Questions and answers

What is the difference between the tailored life-cycle investment and the one where I chose my level of risk, since both actually use the same portfolio components?

When you chose the life-cycle option, you will be asked a certain set of personal characteristics, all of which will be used in a model-based optimization procedure. The resulting asset allocation advice assigns you a tailored risk-return profile. It will also allow you to benchmark your current behavior to a model optimum and have some insight into sustainability of your financial decisions.

When opting for the simpler allocation tool, you chose the adequate risk-return profile yourself in order to get an estimate of the statistical probability of reaching a set target goal. This will not allow you to check the sustainability of your actions in a broader sense.

The model generated wealth path indicates that I should be accumulating a multiple of my yearly income (over 10 times) by the end of my working life. Is that reasonable?

Yes, indeed it is quite a large amount of suggested savings, but the result seems right. Please keep in mind that the model assumes you will have no other source of income during your retirement than those provided by your accumulated wealth. Since, many users will actually have some type of expected recurrent retirement income, it is important at a second step to complete your full profile and expected payment flows, only then you will get a good picture of what you will have to save effectively in order to guarantee yourself a broadly smooth consumption level throughout your life.

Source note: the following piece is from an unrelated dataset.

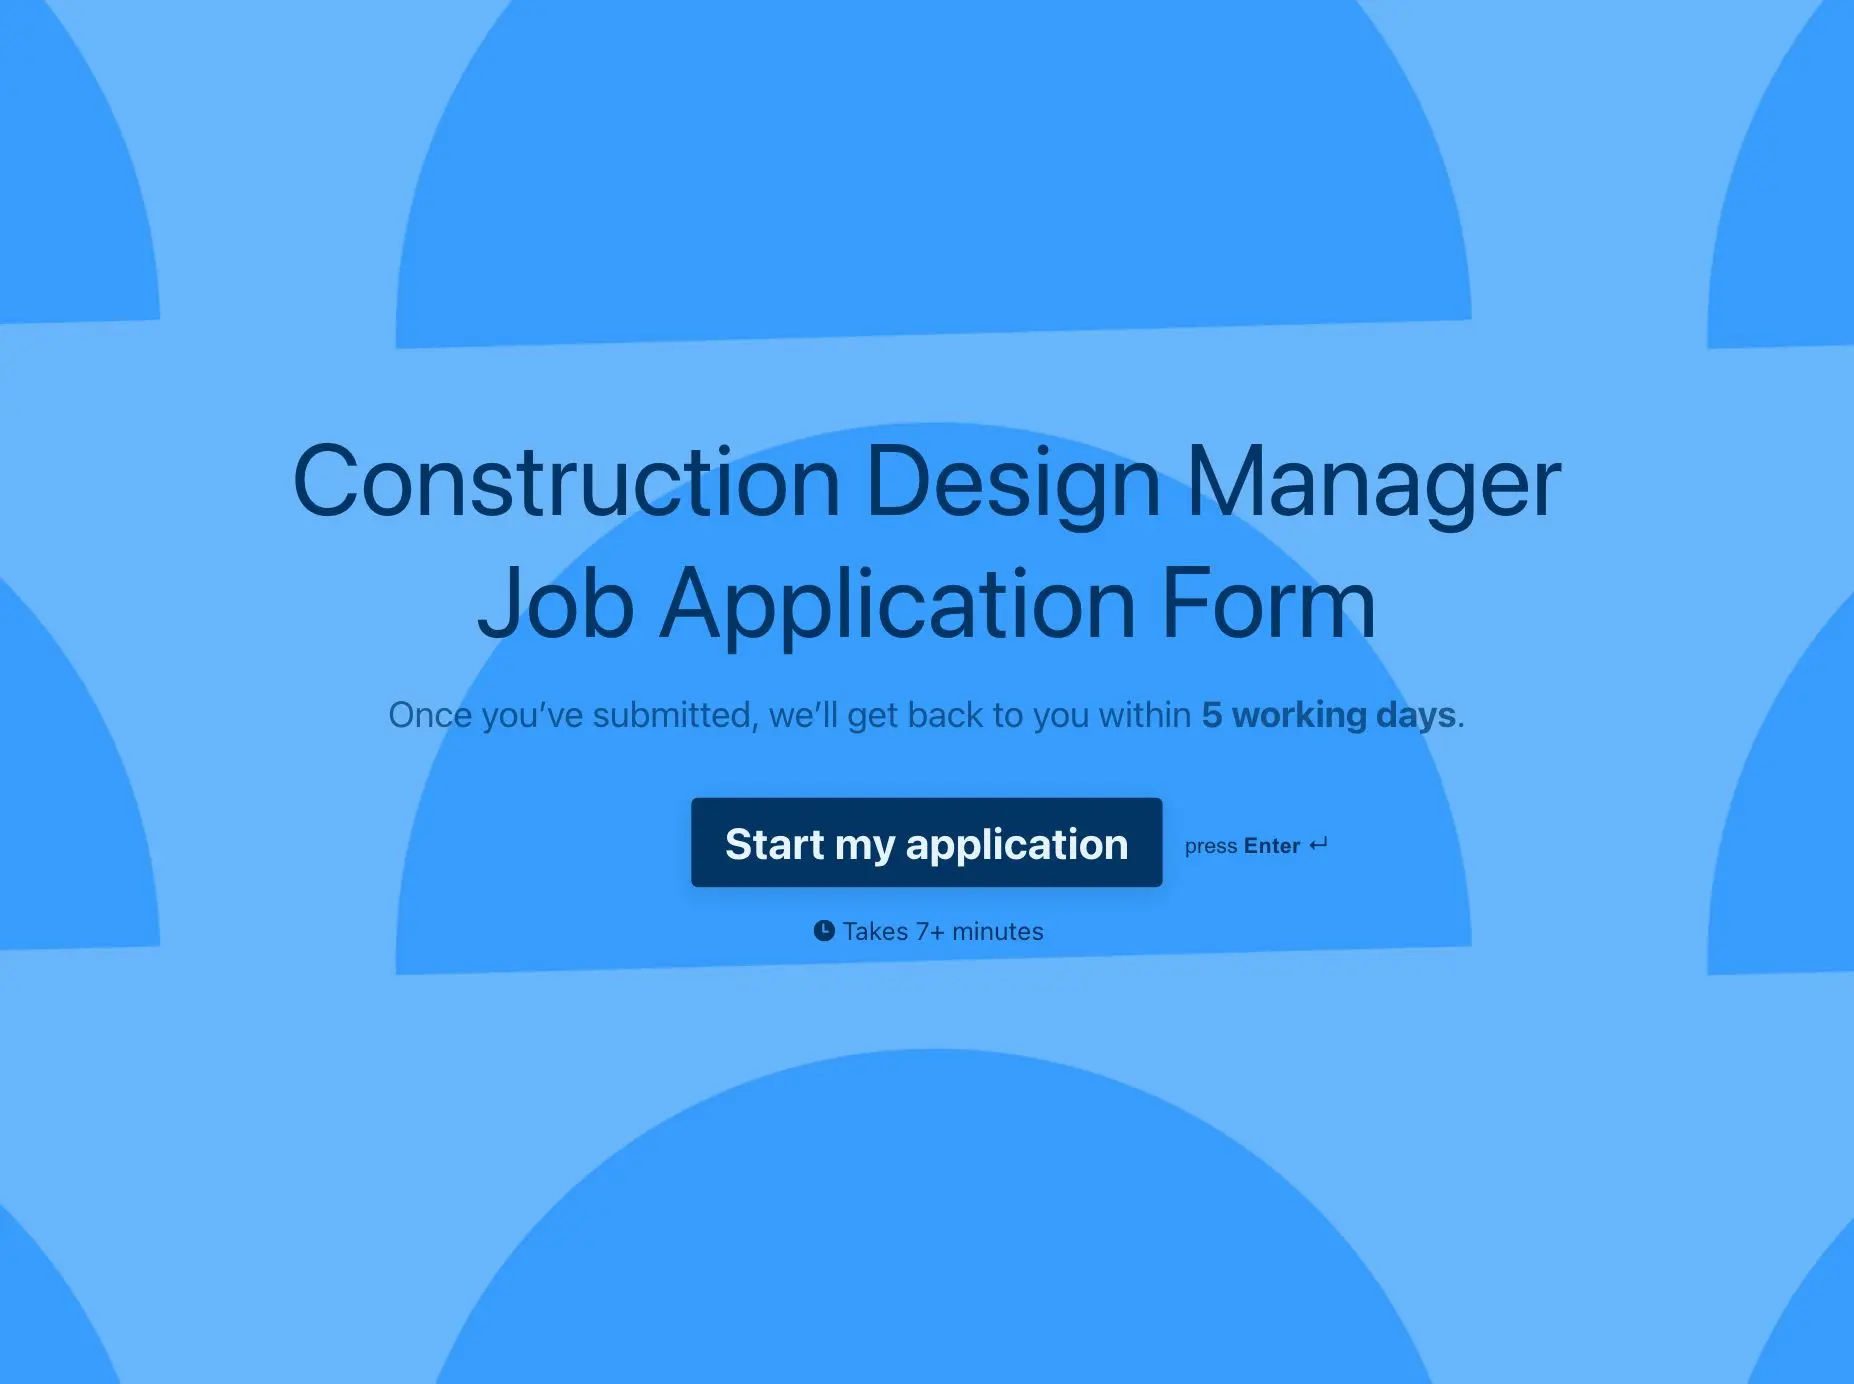 Construction Design Manager Job Application Form Template Hero

Shouldn’t I focus my investments in my home country? Why do I spread out globally this much?

Having the broadest possible diversification of risk across regions and asset classes is the most useful investment strategy since it provides better protection against individual shocks to an asset class or country. As a matter of fact, in case your labor income is correlated to the securities markets in your home country, it would be useful to underweight the investments in your home country. This would at least partially protect you from a potential double shock – loss of job and drop in your financial assets.